Diabetes 'Revolution' is Cutting Both Ways
Though new treatments improve the lives of diabetics, diabetes rates soar.
Nov. 12, 2007— -- Diabetes expert John Buse recalls looking into his office's waiting room in the early 1990s and seeing it filled with people suffering the long-term complications of the disease. They would be blind, have legs missing from emergency amputations or be on kidney dialysis.
Not anymore.
Diabetes rates continue to skyrocket, but "most days in the clinic, I see no one disabled with diabetes," Buse says. "No one."
The Centers for Disease Control and Prevention reported this month that the prevalence of heart disease dropped 14 percent in diabetics ages 35-64 from 1997-2005. Since the mid-1990s, rates of other complications such as diabetic kidney failure, blindness and deaths caused by a lack of insulin have declined, the CDC reports. It reflects what Buse calls a "revolution" in diabetes treatments during the past decade.
That's the good news. The bad: Not everyone is reaping the benefits. Heart deaths have declined in men with diabetes, but not in women; kidney failure rates among diabetics are much higher in blacks and Hispanics than in whites. Meanwhile, the disease is increasing worldwide at such an alarming rate that the number of new cases is outpacing the number of those benefiting from gains made in treatment. That's largely because obesity, the chief risk factor for the most common form of diabetes, is a growing problem.

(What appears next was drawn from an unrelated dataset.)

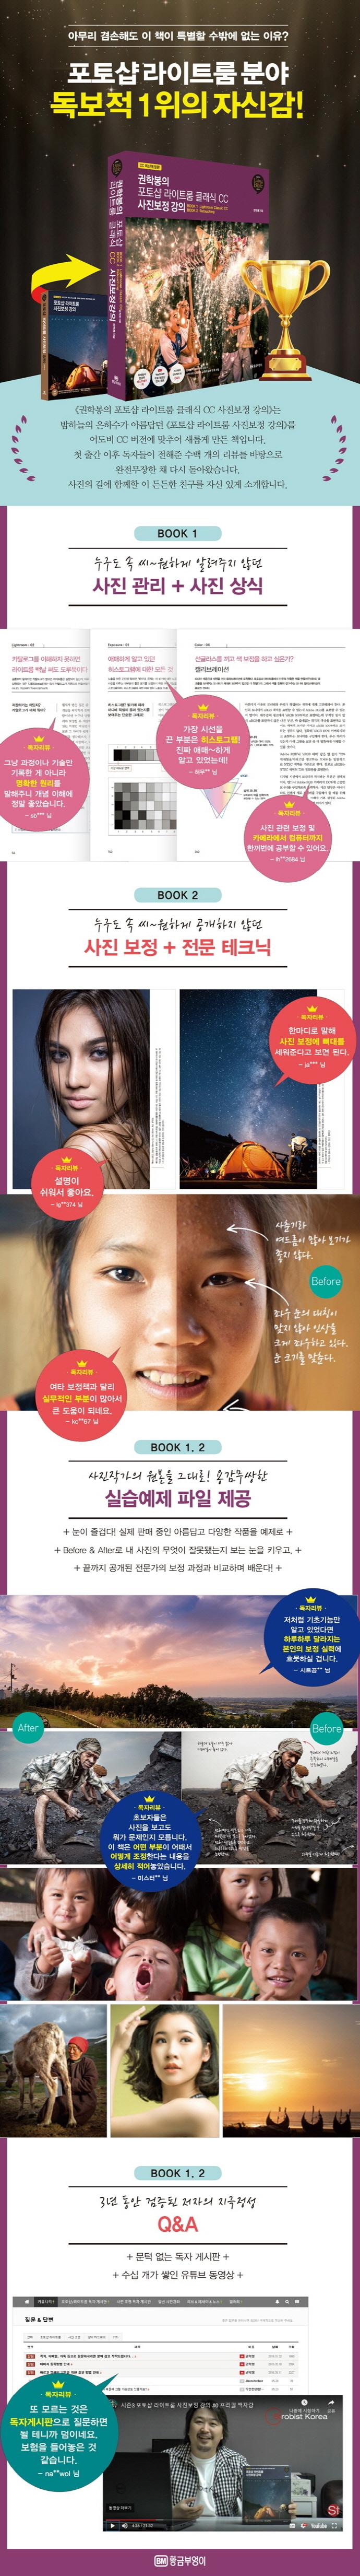 권학봉의 포토샵 라이트룸 클래식 CC 사진보정 강의(개정판) 도서 상세이미지

Diabetes, caused by the body's inability to produce or use insulin effectively to prevent a buildup of sugar in the blood, now afflicts nearly 21 million in the USA and roughly 250 million worldwide. Health analysts project that by 2025, 50 million Americans and up to 380 million people globally will have diabetes. So even as treatments for diabetes complications improve, the disease's rising prevalence means there will be more people disabled by it and more who eventually will die from it.
During the past decade, medical studies have shown that by reducing high blood pressure and cholesterol and keeping blood sugar levels as close to normal as possible, diabetics can forestall many of the disabling complications that once seemed inevitable. This knowledge, along with simpler, more accurate blood tests and better drugs, has improved treatment, says Buse, an endocrinologist at the University of North Carolina at Chapel Hill.
But the soaring rate of people with diabetes threatens to overwhelm health systems and undermine economies, health specialists say. The problem has mobilized world health leaders, who are marking World Diabetes Day on Wednesday to draw attention to the issue. For the first time, the United Nations is taking part in such activities and has passed a resolution encouraging member states to develop national policies to prevent and treat diabetes.
The International Diabetes Federation, which tracks global diabetes, says the disease will cause 3.8 million deaths worldwide this year, nearly equal to HIV/AIDS and malaria combined. In the USA, the CDC says, it is the sixth leading cause of death, contributing to nearly 225,000 deaths in 2002, up from 213,064 in 2000.
"The prevalence of diabetes is going up because obesity is going up," says Judith Fradkin, director of the National Institute of Diabetes and Digestive and Kidney Diseases at the National Institutes of Health. "But if we hadn't made the prog-ress we have, things would be much worse."